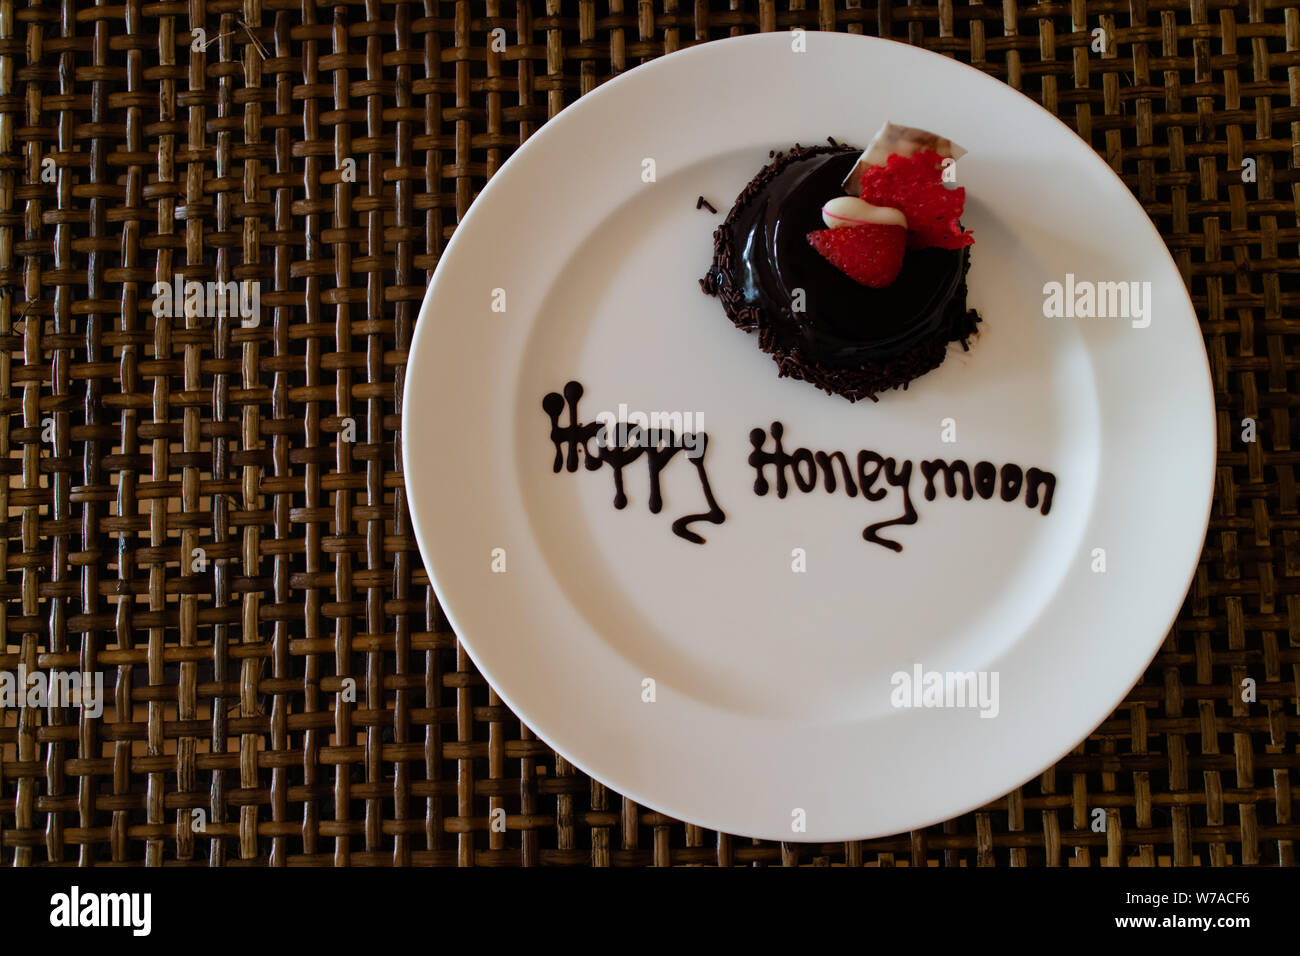 Buy/Send Romantic Honeymoon Cake Online @ Rs. 3599 - SendBestGift
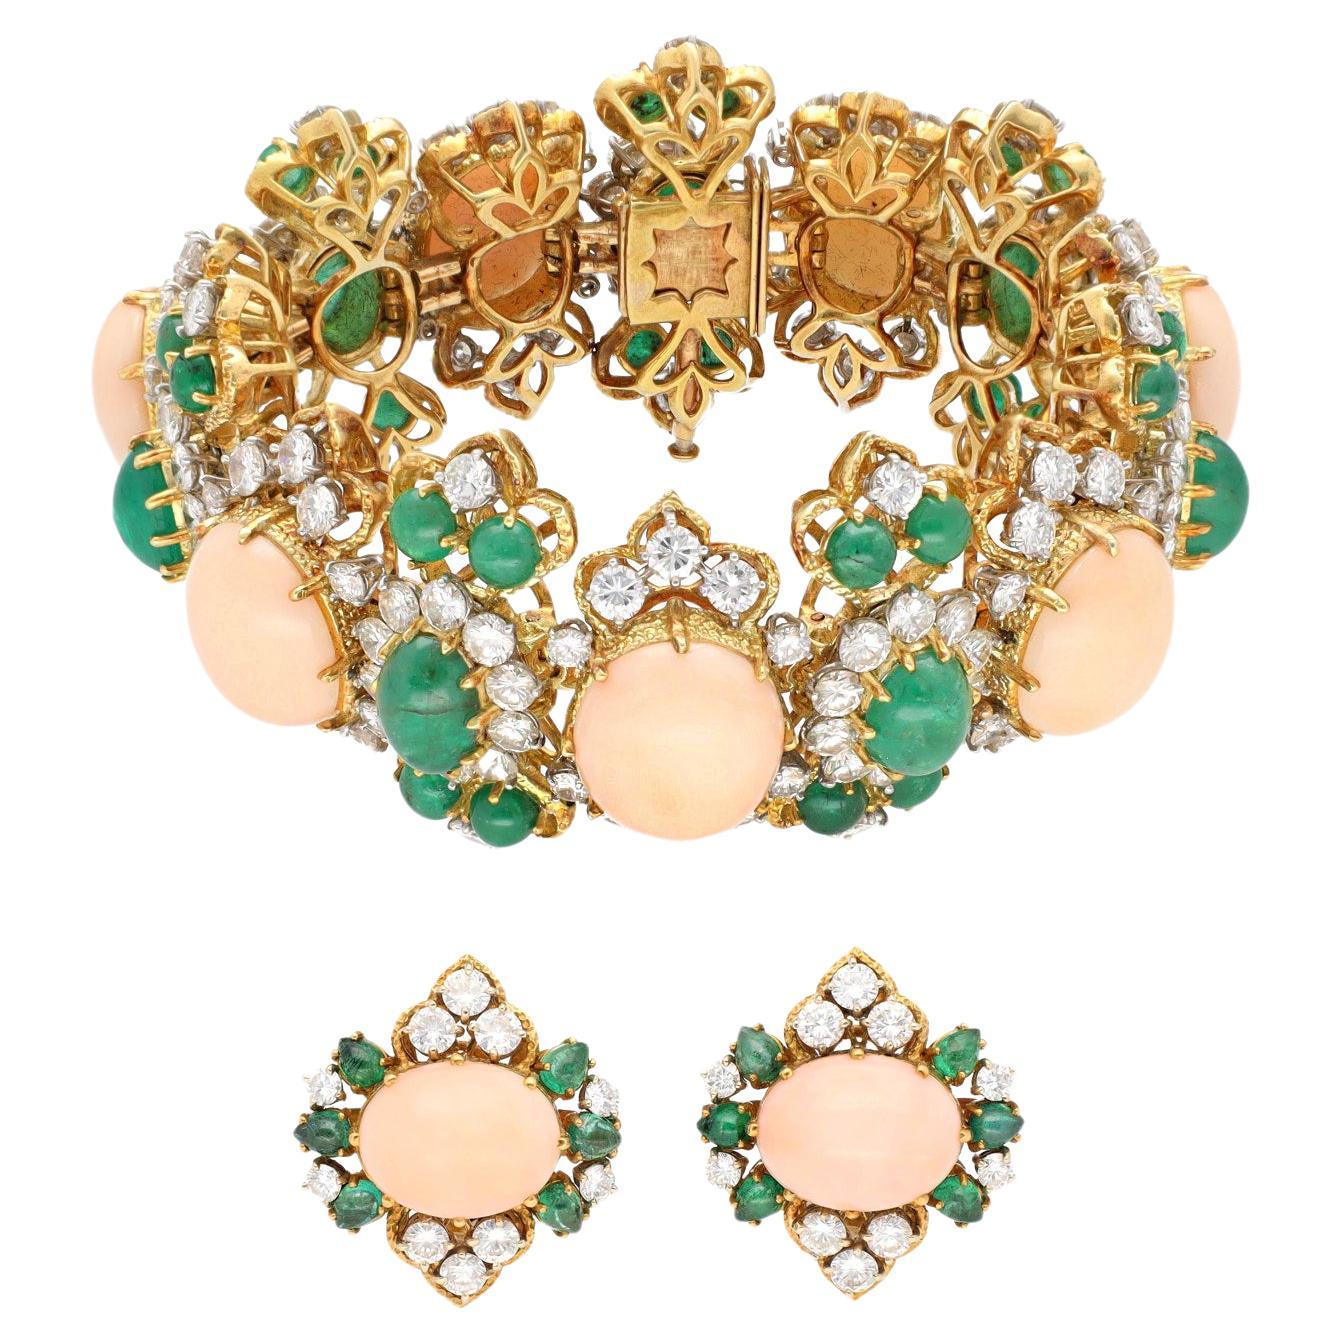 Bulgari Coral and Emerald Diamond Bracelet and Earrings
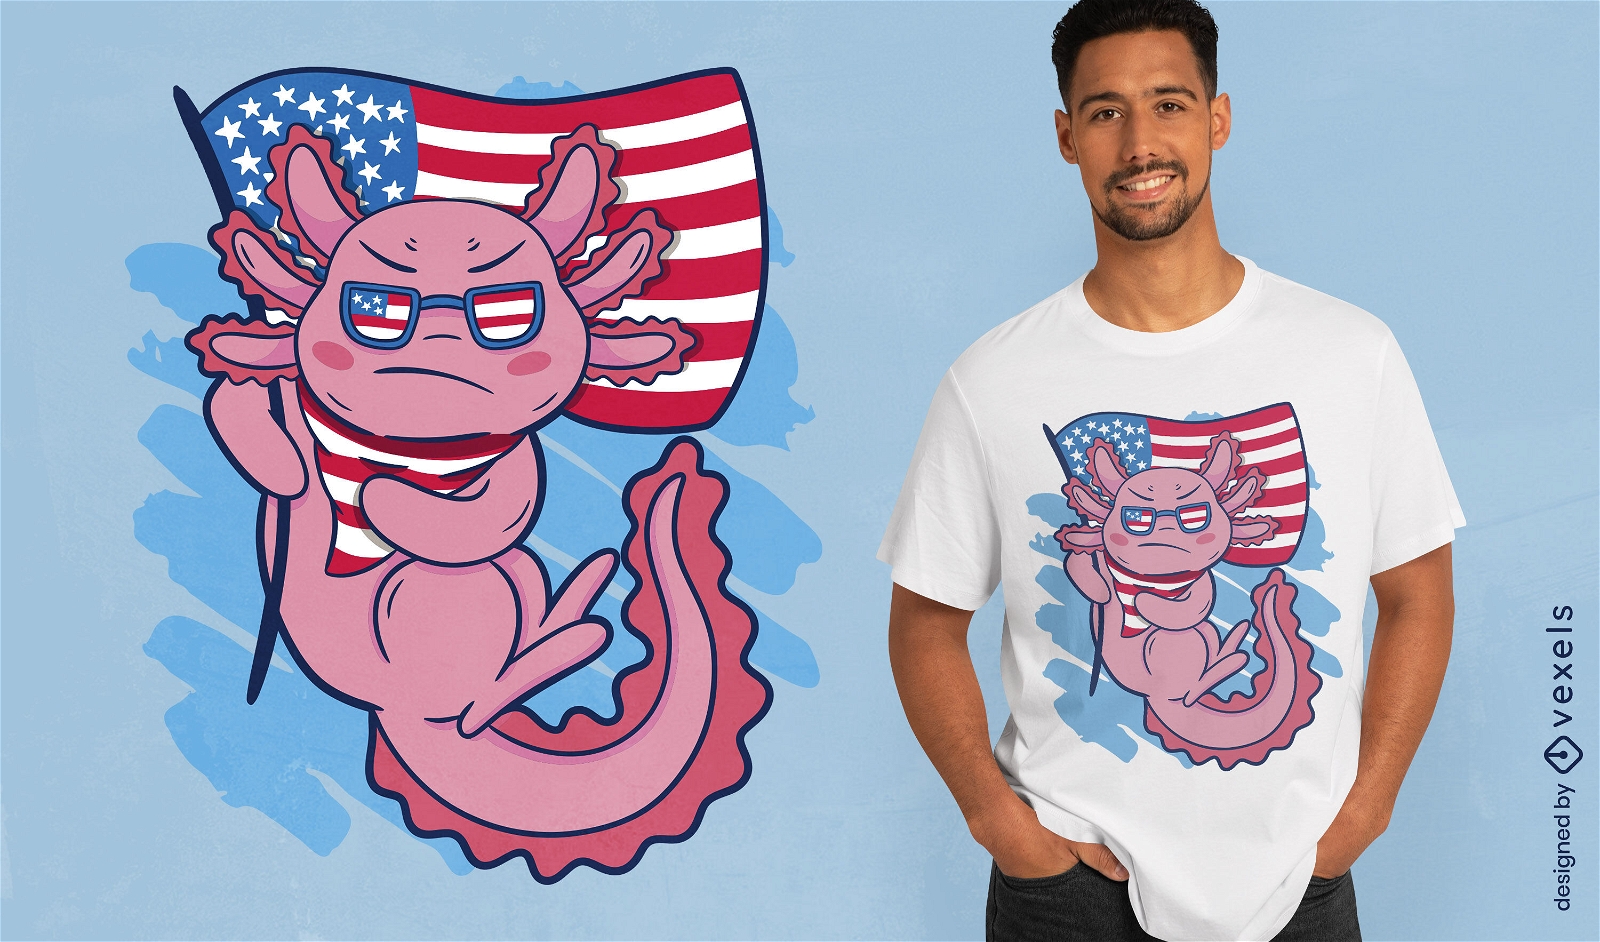 Axolotl and american flag t-shirt design
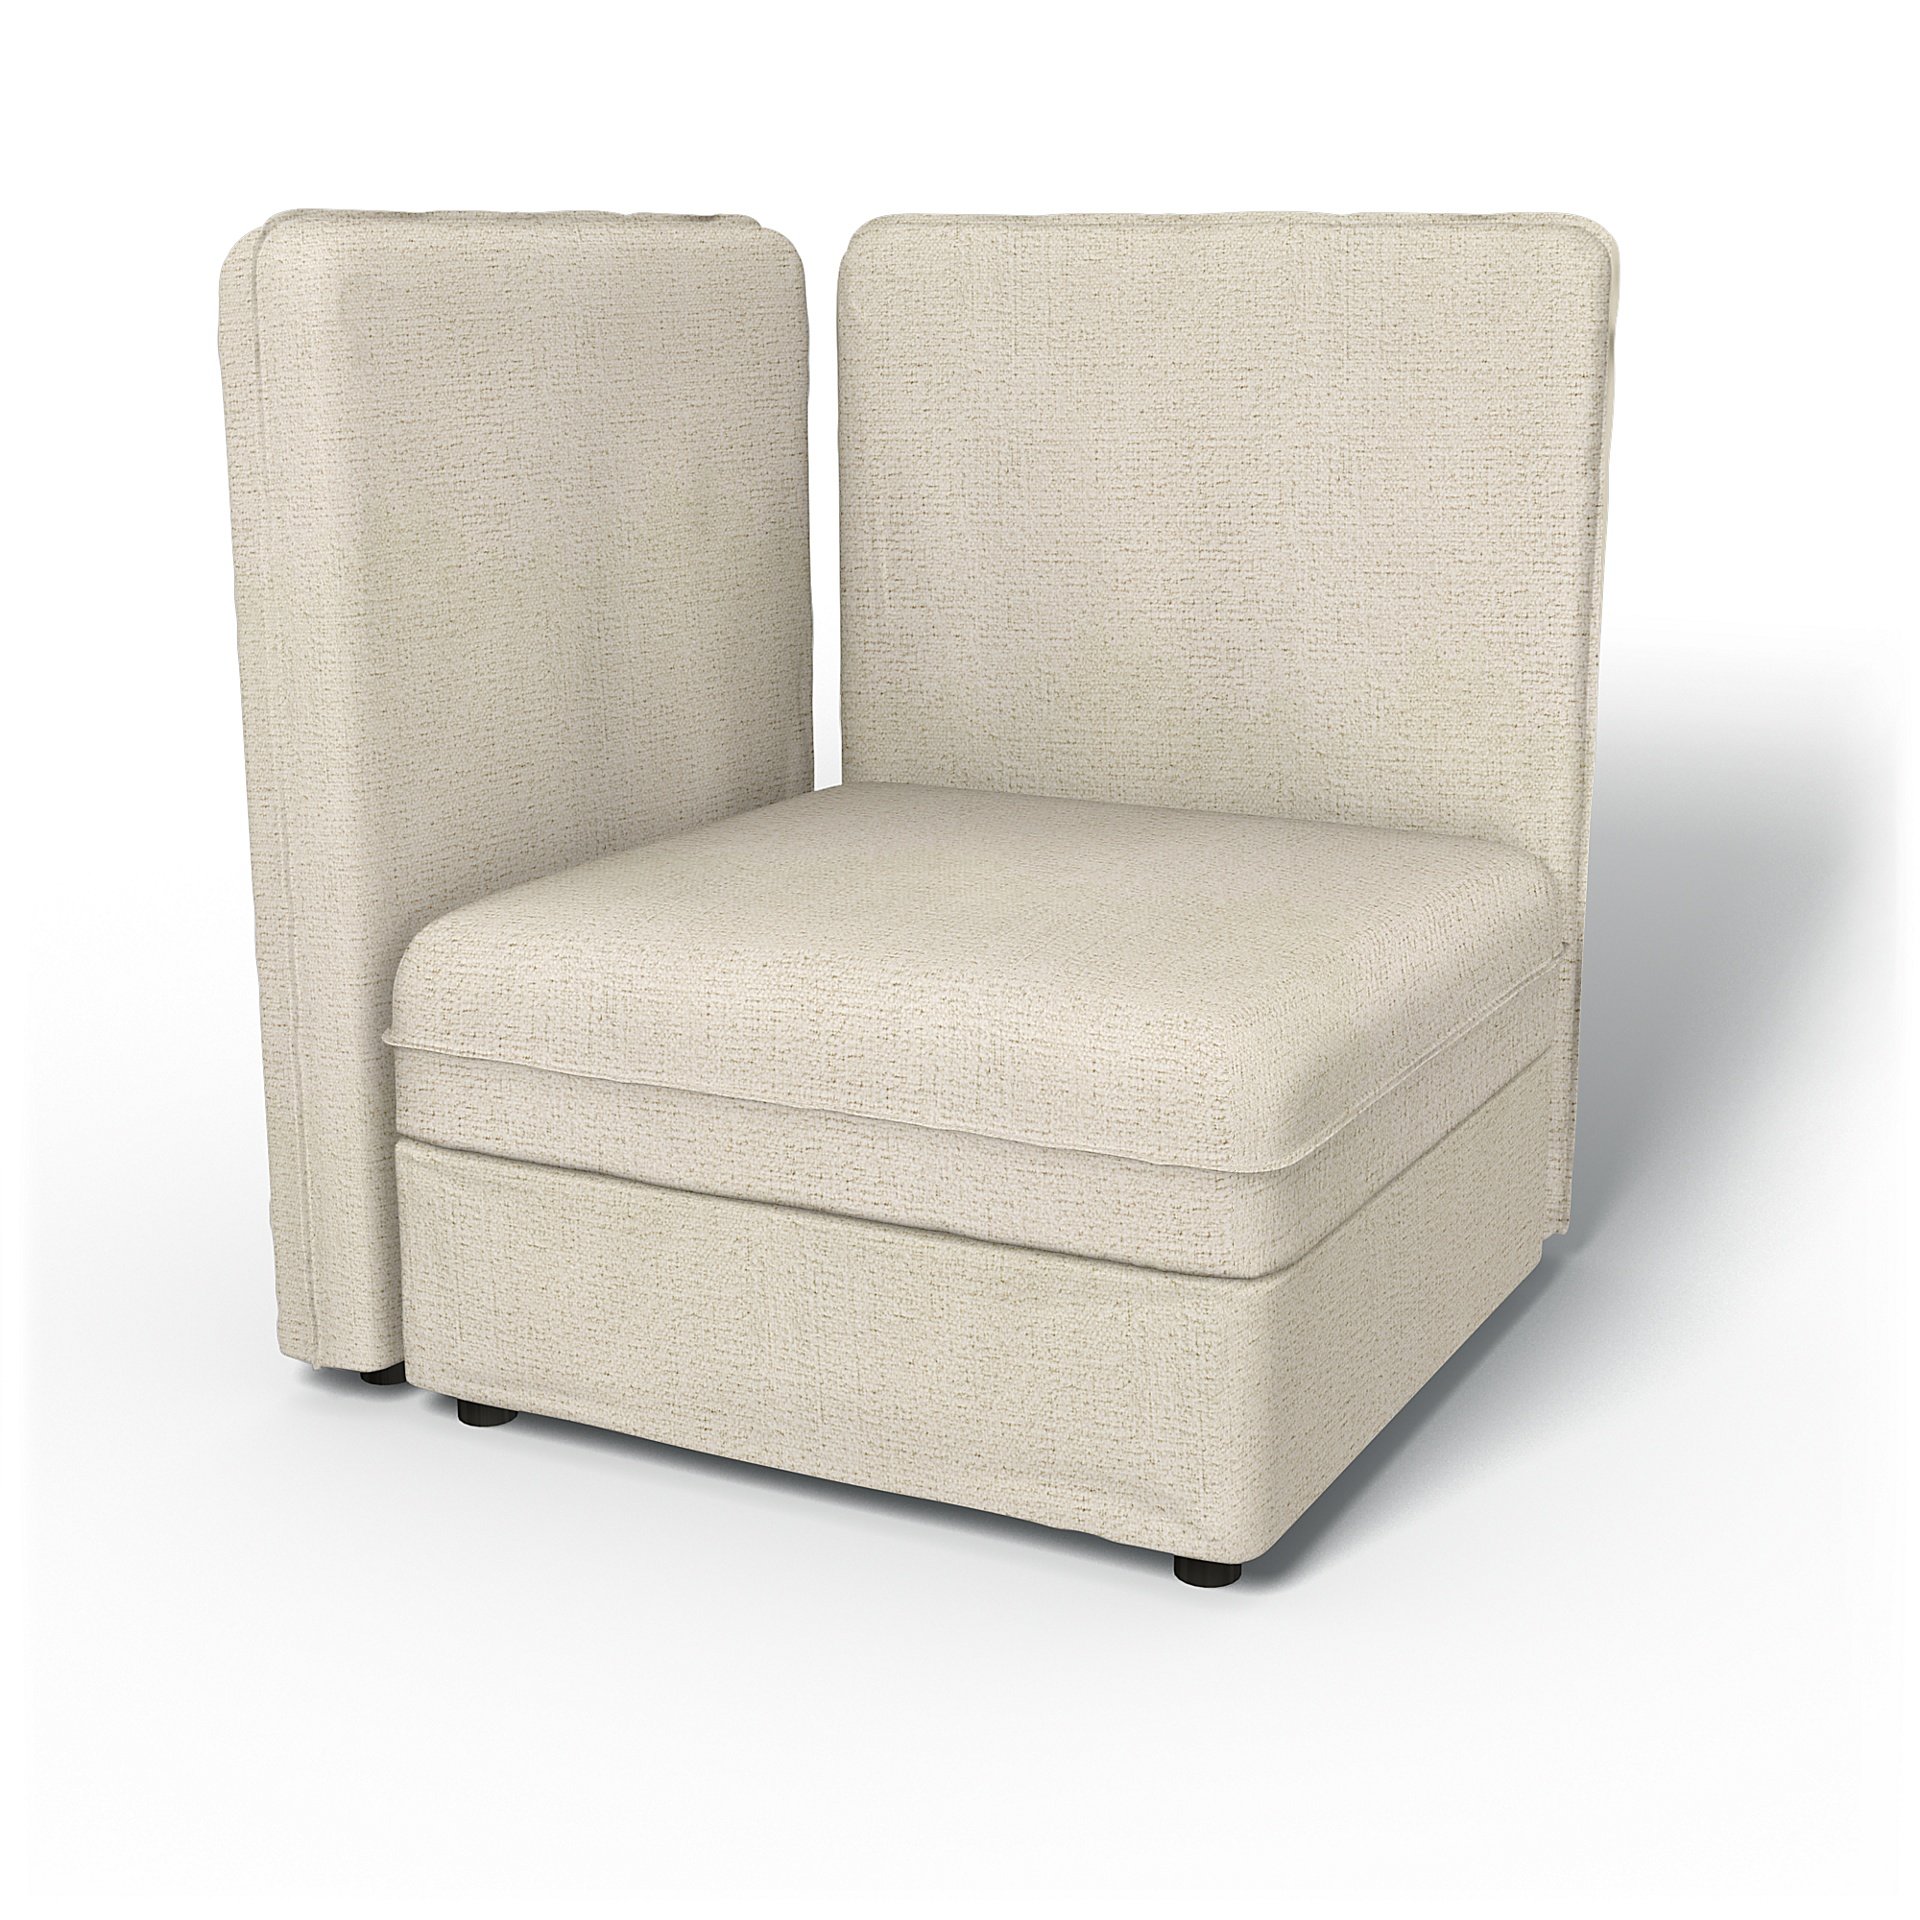 IKEA - Vallentuna Corner Seat Module with High Back and Storage Cover 80x80 32x32in, Ecru, Boucle &
_ _ _ _ _
Your copy should begin at the line containing "Axolotl and american flag t-shirt design" and end at the last line of the data above, matching each line exactly and holding no pictures.

 Axolotl and american flag t-shirt design
 IKEA - Vallentuna Corner Seat Module with High Back and Storage Cover 80x80 32x32in, Ecru, Boucle &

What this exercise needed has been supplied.